### [Information shown]
════

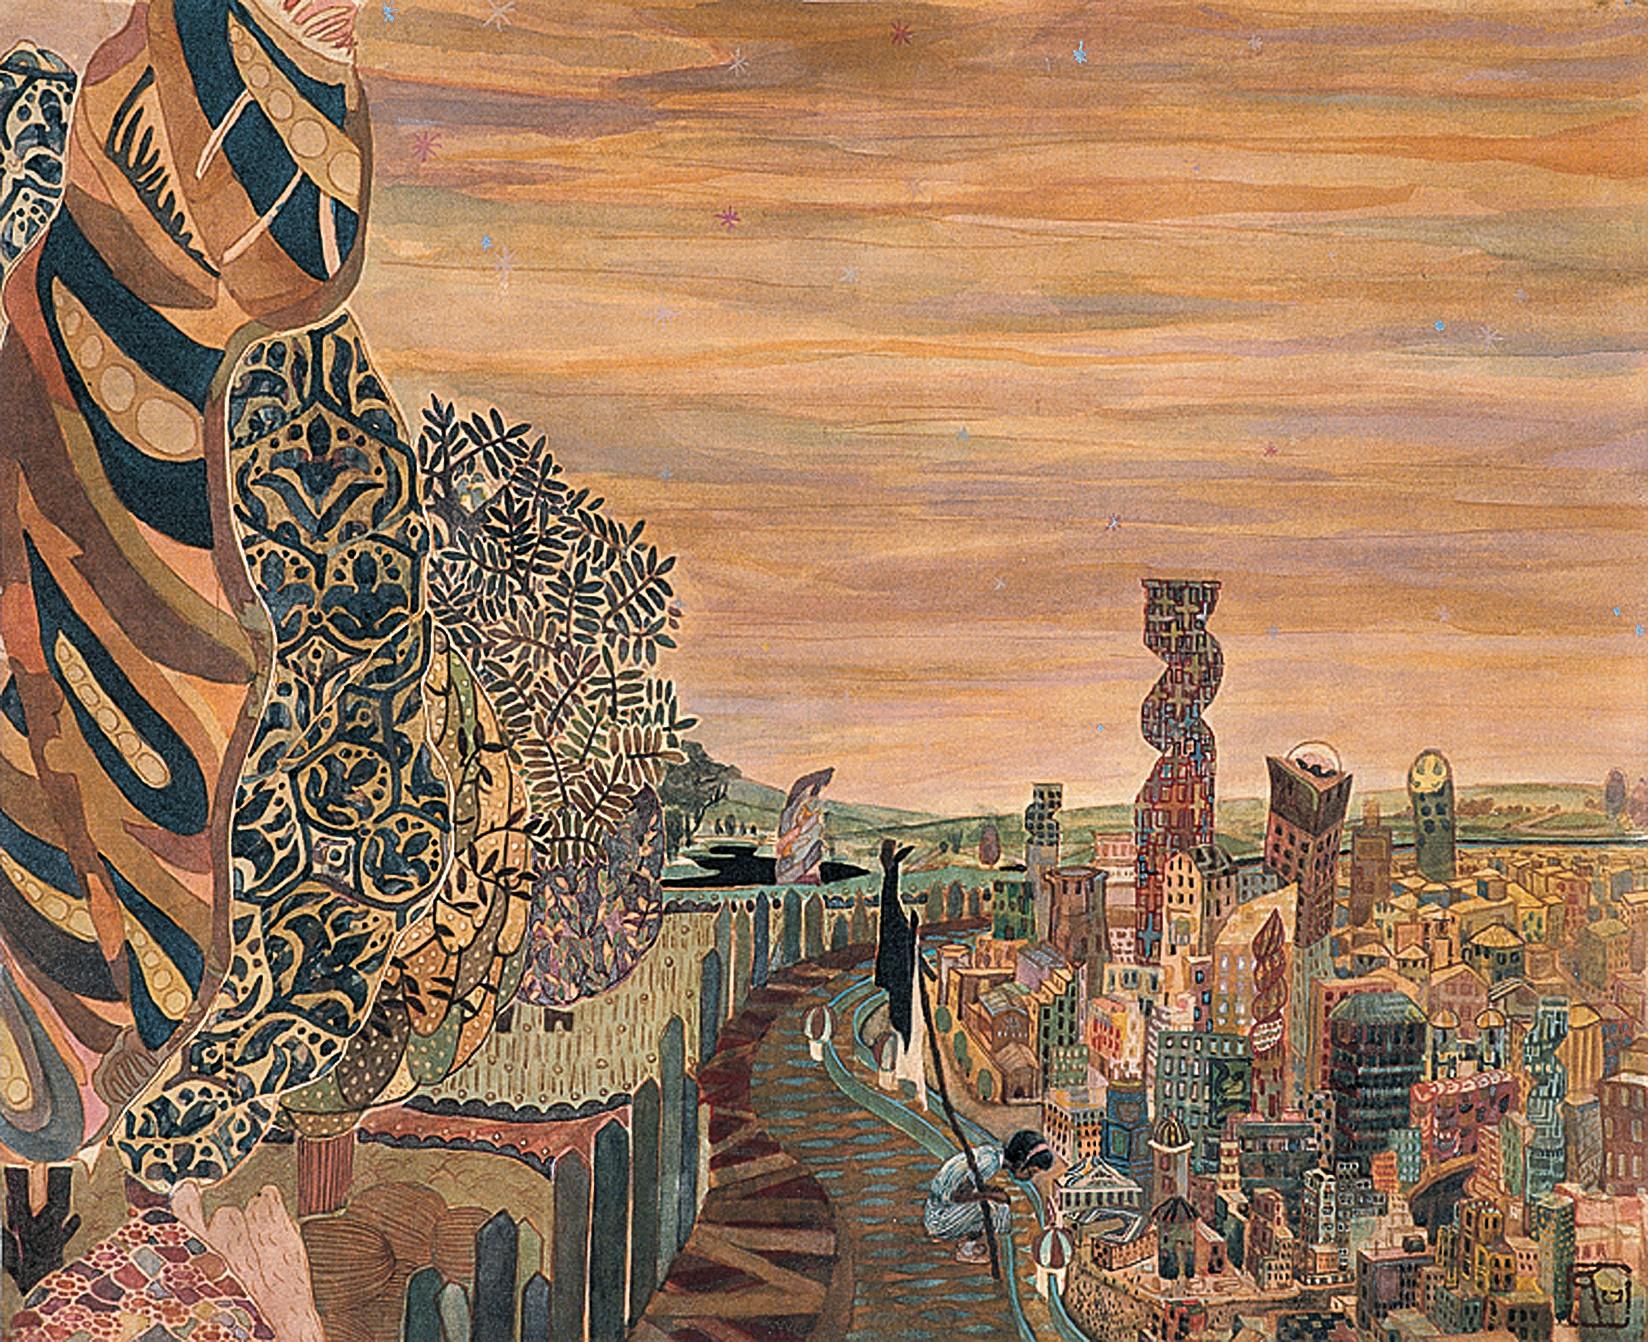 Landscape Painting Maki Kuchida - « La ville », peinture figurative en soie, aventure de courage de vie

════

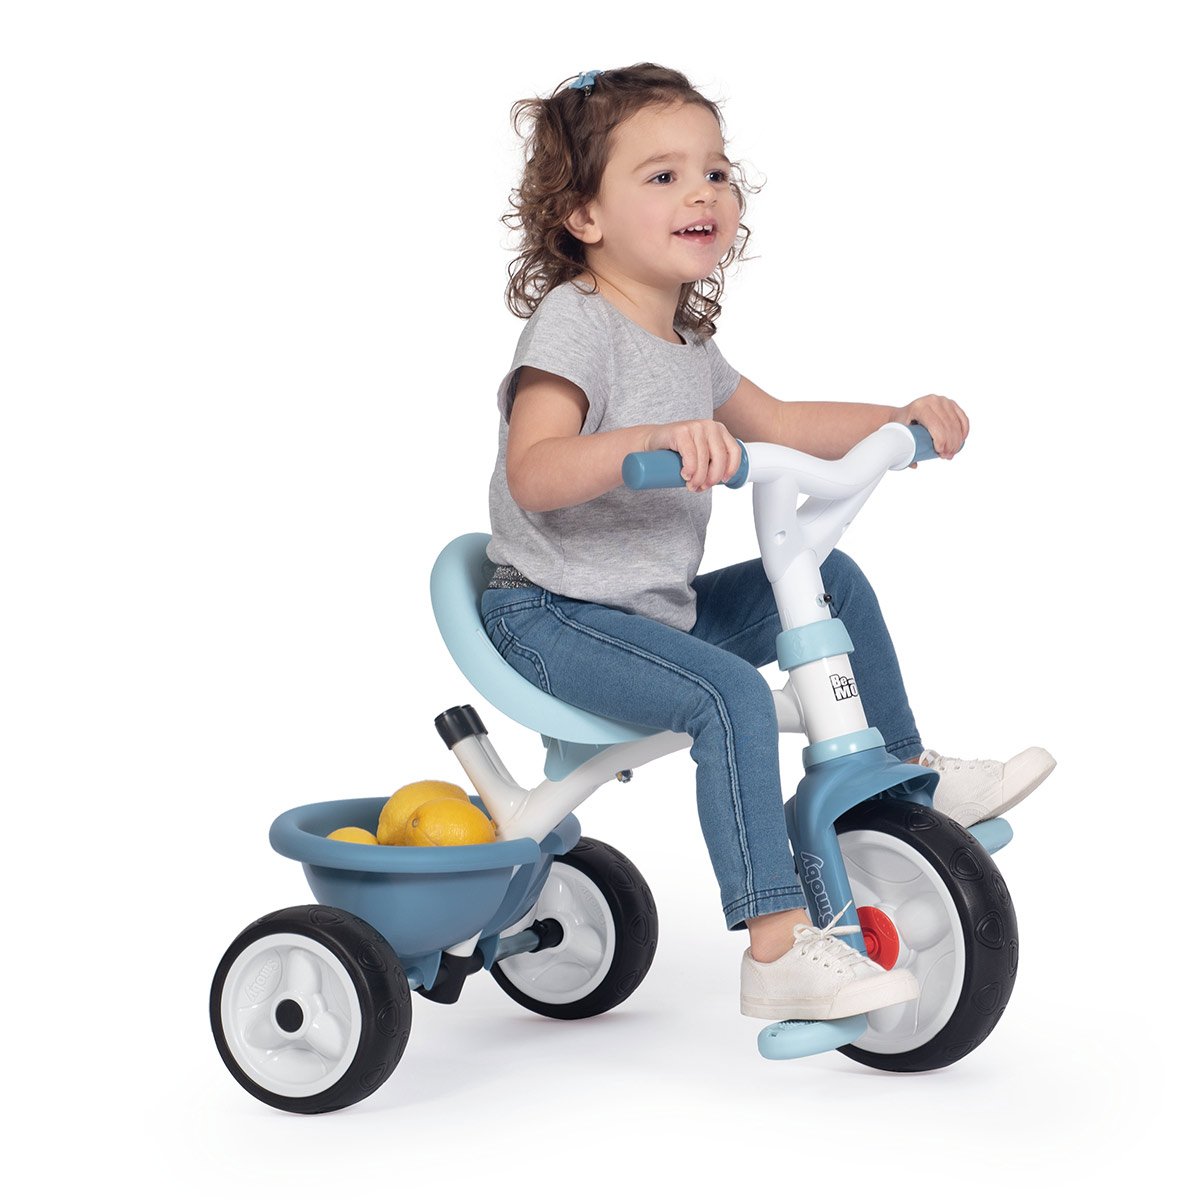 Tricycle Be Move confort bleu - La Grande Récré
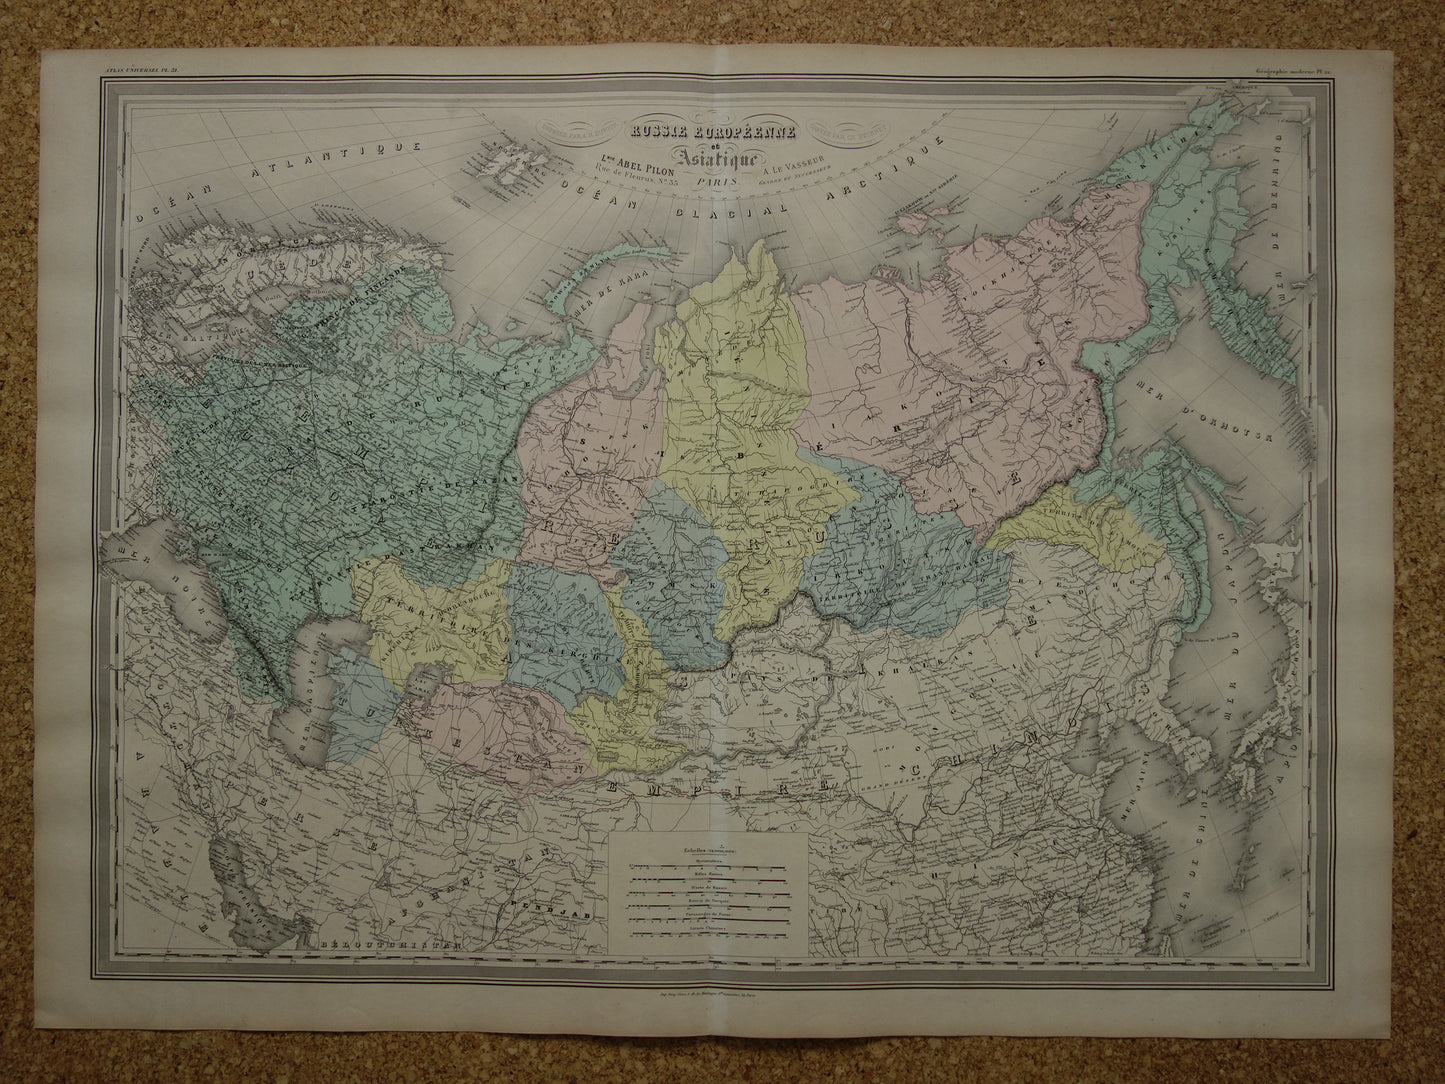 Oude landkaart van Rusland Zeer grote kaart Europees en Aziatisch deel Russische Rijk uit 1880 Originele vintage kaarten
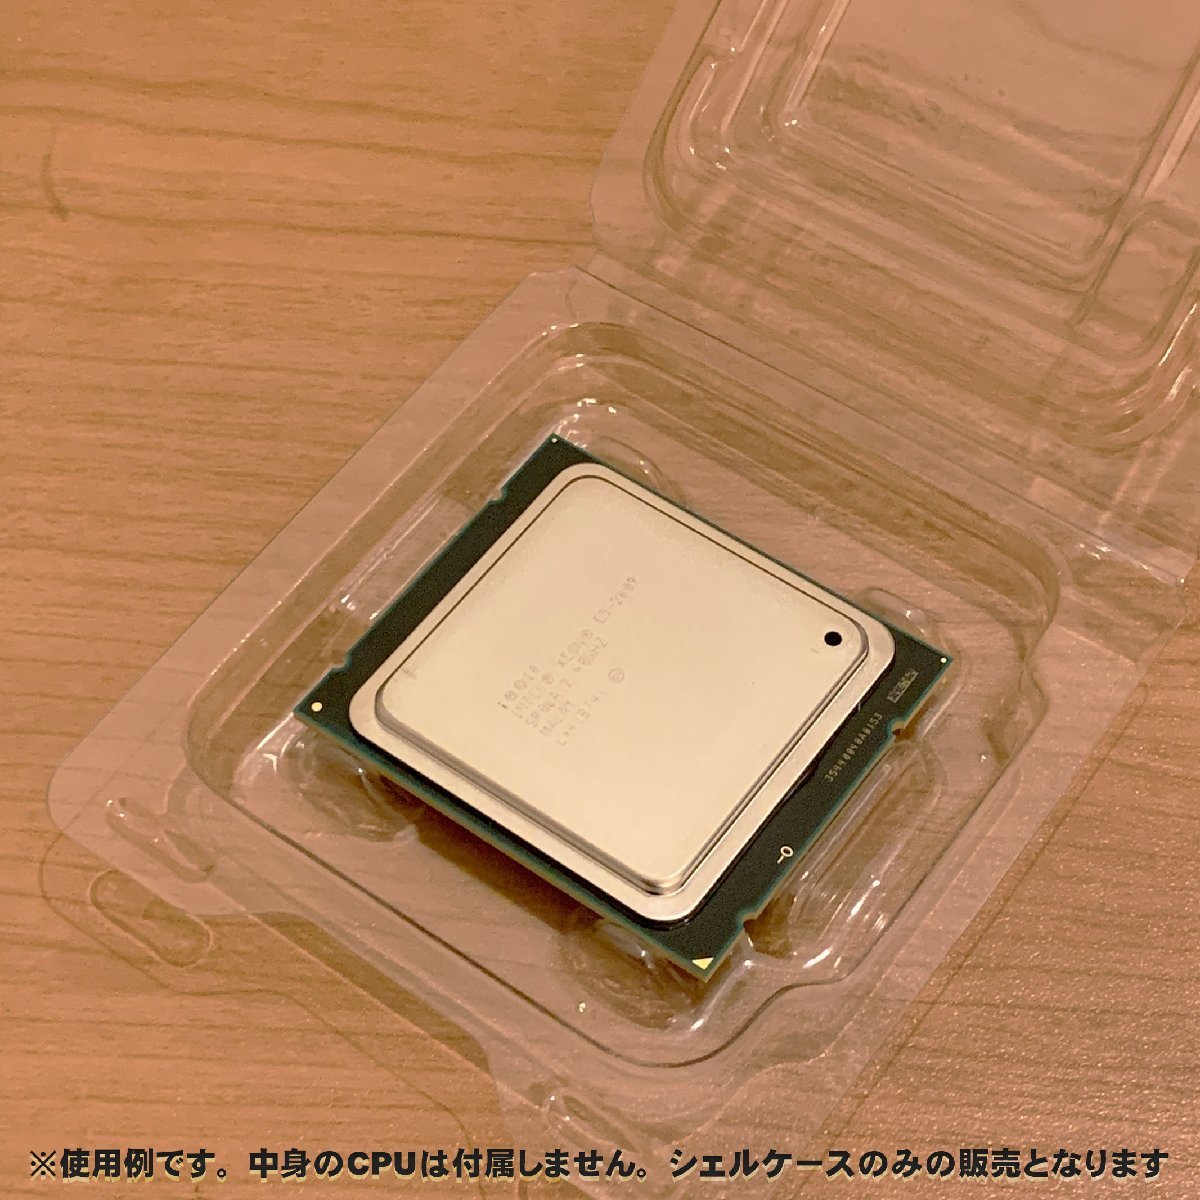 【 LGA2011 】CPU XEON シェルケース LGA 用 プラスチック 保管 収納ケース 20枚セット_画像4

════

### [Problem details]
Reproduce the records above exactly, but only from the line with "Tricycle Be Move" up to and including the line with "保管 収納ケース 20枚セット_画像4". Leave the pictures out.

### [Exercise answer]
 Tricycle Be Move confort bleu - La Grande Récré
 Oude landkaart van Rusland Zeer grote kaart Europees en Aziatisch deel Russische Rijk uit 1880 Originele vintage kaarten
 【 LGA2011 】CPU XEON シェルケース LGA 用 プラスチック 保管 収納ケース 20枚セット_画像4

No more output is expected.